Speaking of sequels (and bad scripts): Reeves was ready to reprise his role as Jack Traven in Jan de Bont’s second go at the series … then he read it. “When I was offered Speed 2, Jan came to Chicago and so did Sandra, and they said, ‘You’ve got to do this,’” Reeves recalled to The Telegraph. “And I said, 'I read the script and I can’t. It’s called Speed, and it’s on a cruise ship.” (He's got a point.)

Even when the studio dangled a $12 million paycheck in front of him, Reeves said no. “I told [William Mechanic, then-head of Fox], ‘If I do this film, I will not come back up. You guys will send me to the bottom of the ocean and I will not make it back up again.’ I really felt like I was fighting for my life.”

5. HEAT (1995)

Reeves’ refusal to cave on Speed 2 didn’t sit well in Hollywood circles.
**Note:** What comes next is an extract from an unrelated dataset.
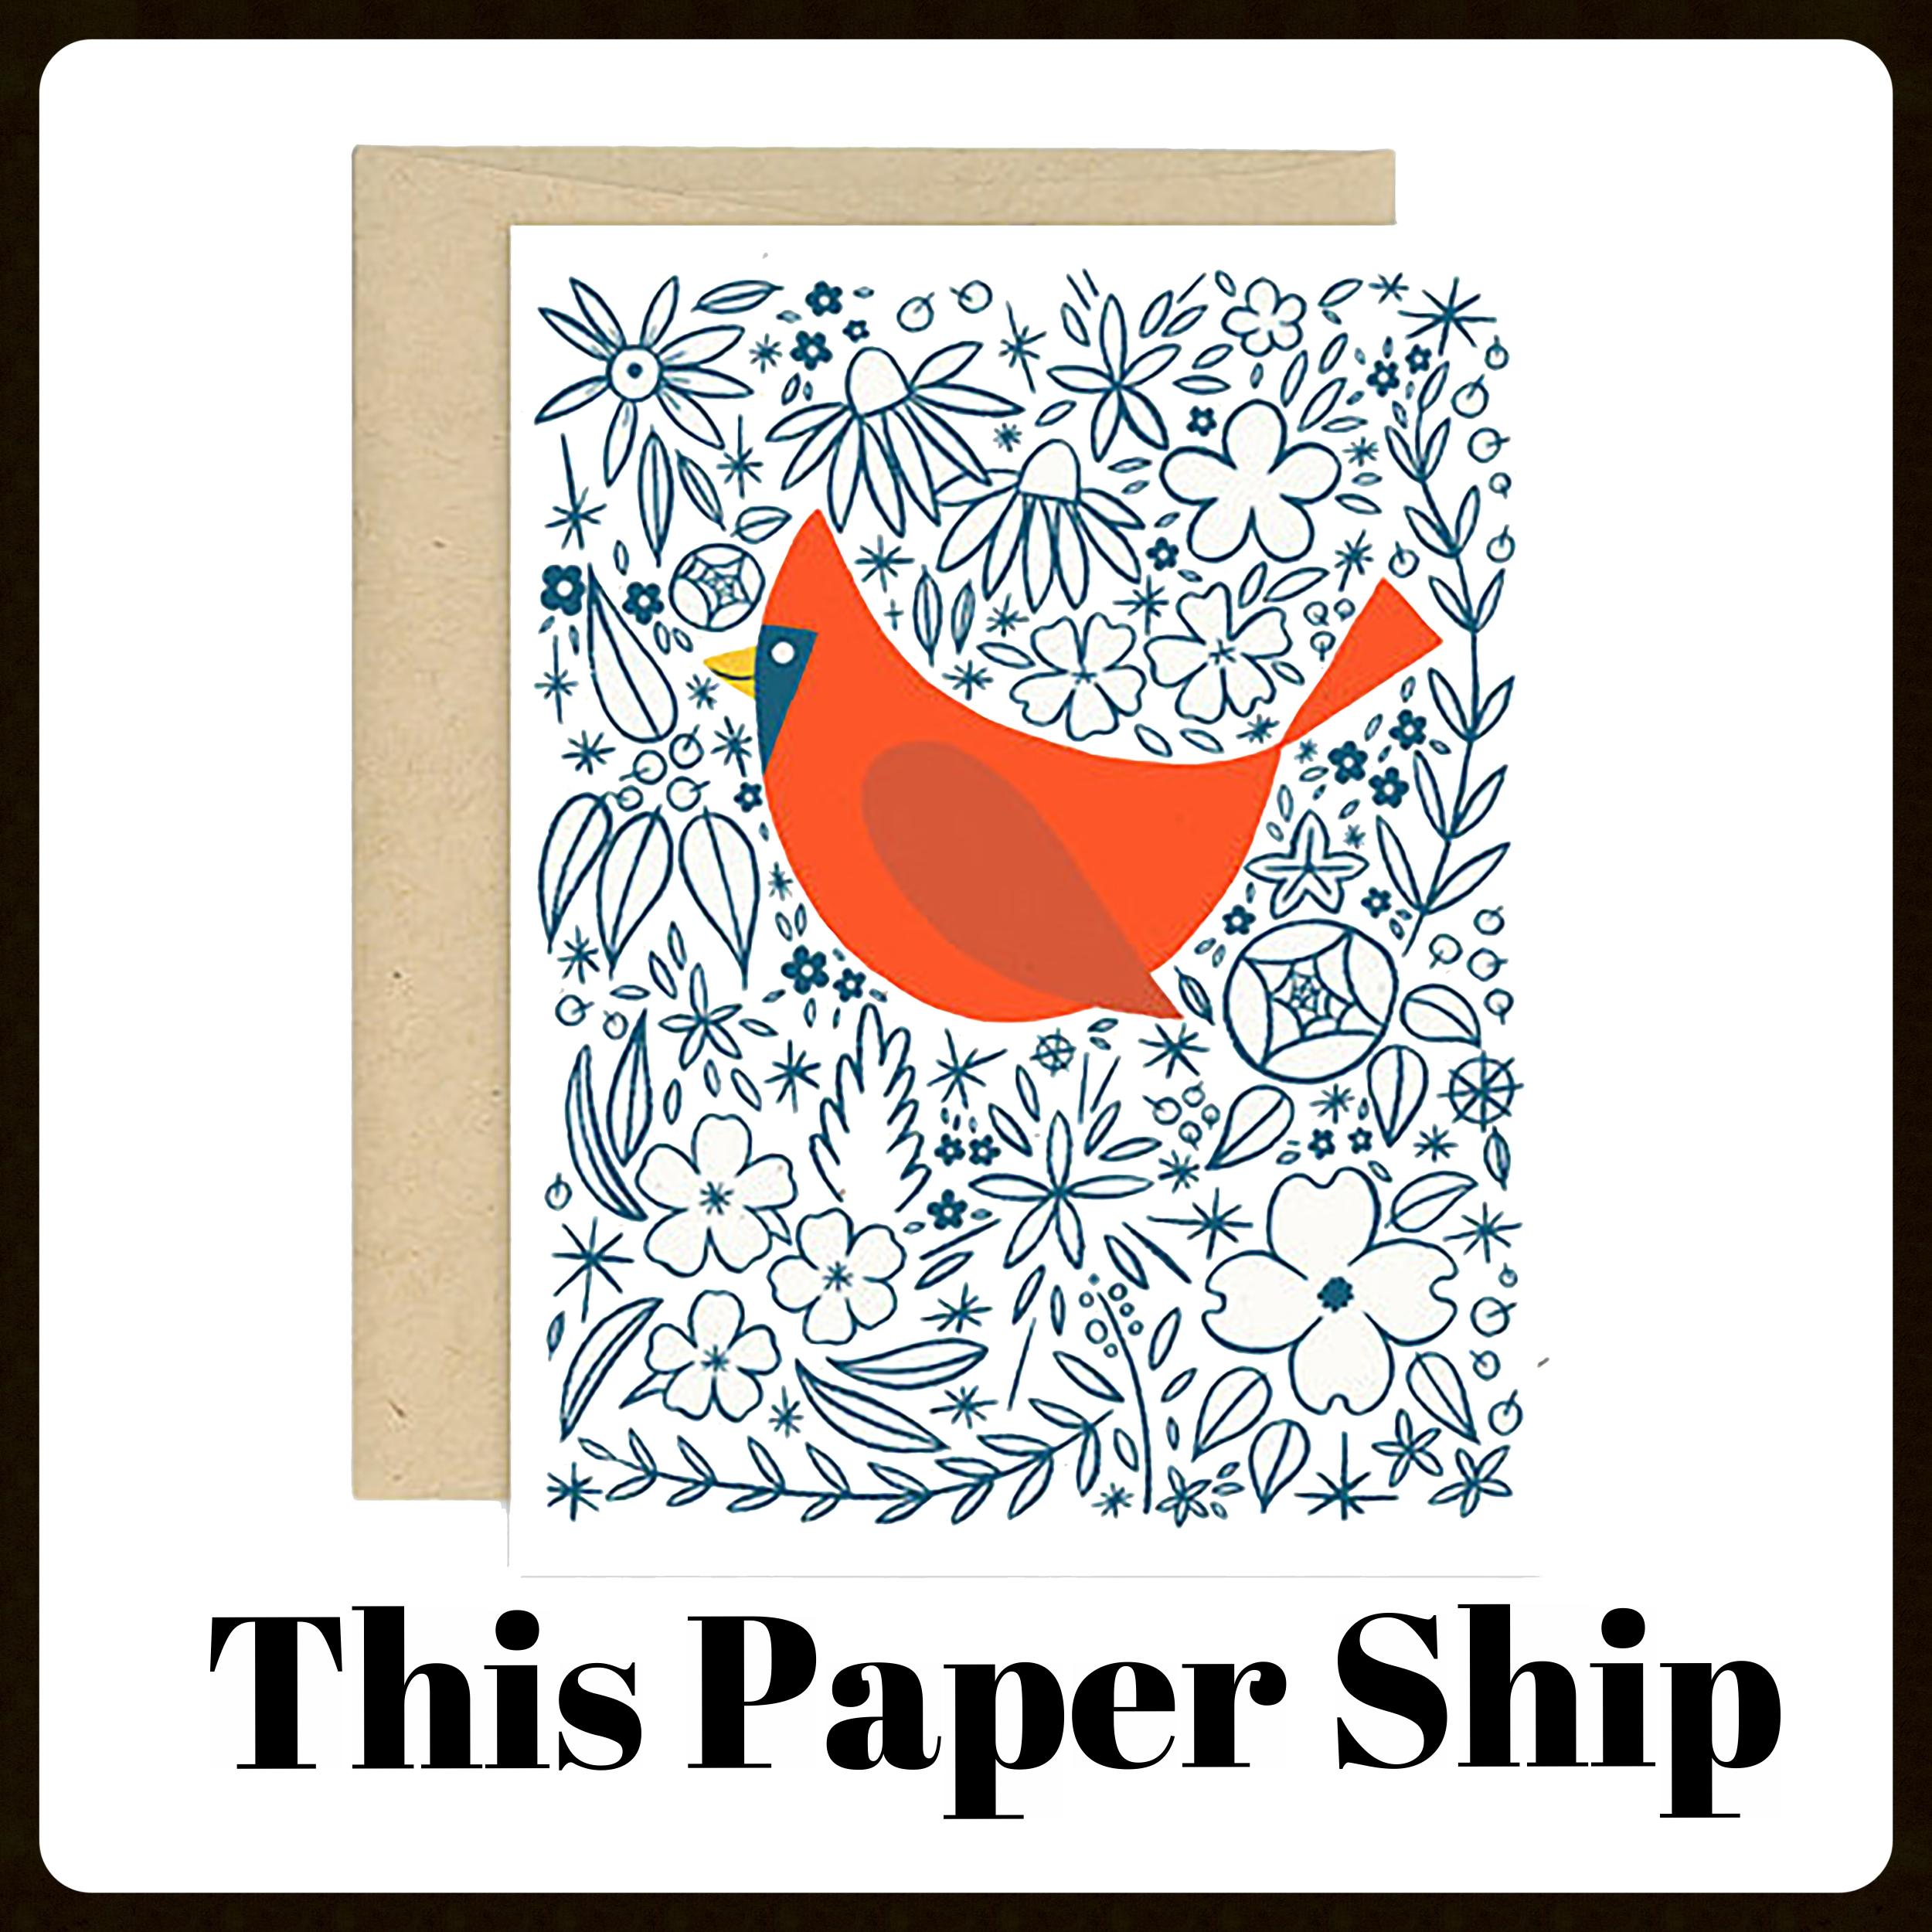 thispapership.jpg

And it didn't help that he also passed on playing Chris Shiherlis (Val Kilmer’s role) in Michael Mann’s Heat in order to spend a month playing Hamlet at Canada’s Manitoba Theatre Centre. From that point on, Reeves told The Telegraph that it’s been a struggle for him to book any studio movies. “That’s a good old Hollywood story! That was a whole, 'Hey, kid, this is what happens in Hollywood: I said no to the number two and I never worked with the studio again!’”

6. BOWFINGER (1999)

By the time Frank Oz’s Bowfinger rolled around, Eddie Murphy was pretty much the go-to guy for any dual role part, but the movie wasn’t always intended to play that way. Steve Martin, who both starred in and wrote the movie, had actually penned the part of Kit Ramsey for Reeves (whom he had worked with a decade earlier in Parenthood).

“When Steve gave me the script for Bowfinger, it wasn't written for Eddie Murphy,” producer Brian Grazer explained. “It was written for a white action star. It was written for Keanu Reeves, literally. I said, 'Why does it have to be an action star?' He said, 'That's the joke.' I said: 'What if it were Eddie Murphy, and Eddie Murphy played two characters? That could be really funny.' He said: 'You know, that'd be great—that'd be brilliant. Let's do that.' He processed it in about a minute, and he made a creative sea change.”

7. WATCHMEN (2009)

A year before Zack Snyder’s Watchmen hit theaters, Reeves confirmed to MTV what many had speculated: that he had turned down the chance to play Dr. Manhattan in the highly anticipated adaptation. But it wasn’t because of lack of interest on Reeves’ part; it just “didn't work out.” Still, he made it as far as a set visit: “They were shooting in Vancouver while we were filming so I went over to the set to say, 'hi.' They showed me some stuff and it looks amazing! I can’t wait. It’s going to be so killer, man!”

8. TROPIC THUNDER (2008)

By the time Ben Stiller’s Tropic Thunder made its way into theaters in the summer of 2008, the meta-comedy had been more than a decade in the making. So it’s understandable that the final product veered from Stiller’s original plan for the film, which included Reeves playing the role of Tugg Speedman (Stiller’s eventual part). Initially, Stiller had planned to cast himself as smarmy agent Rick Peck (Matthew McConaughey picked up the slack).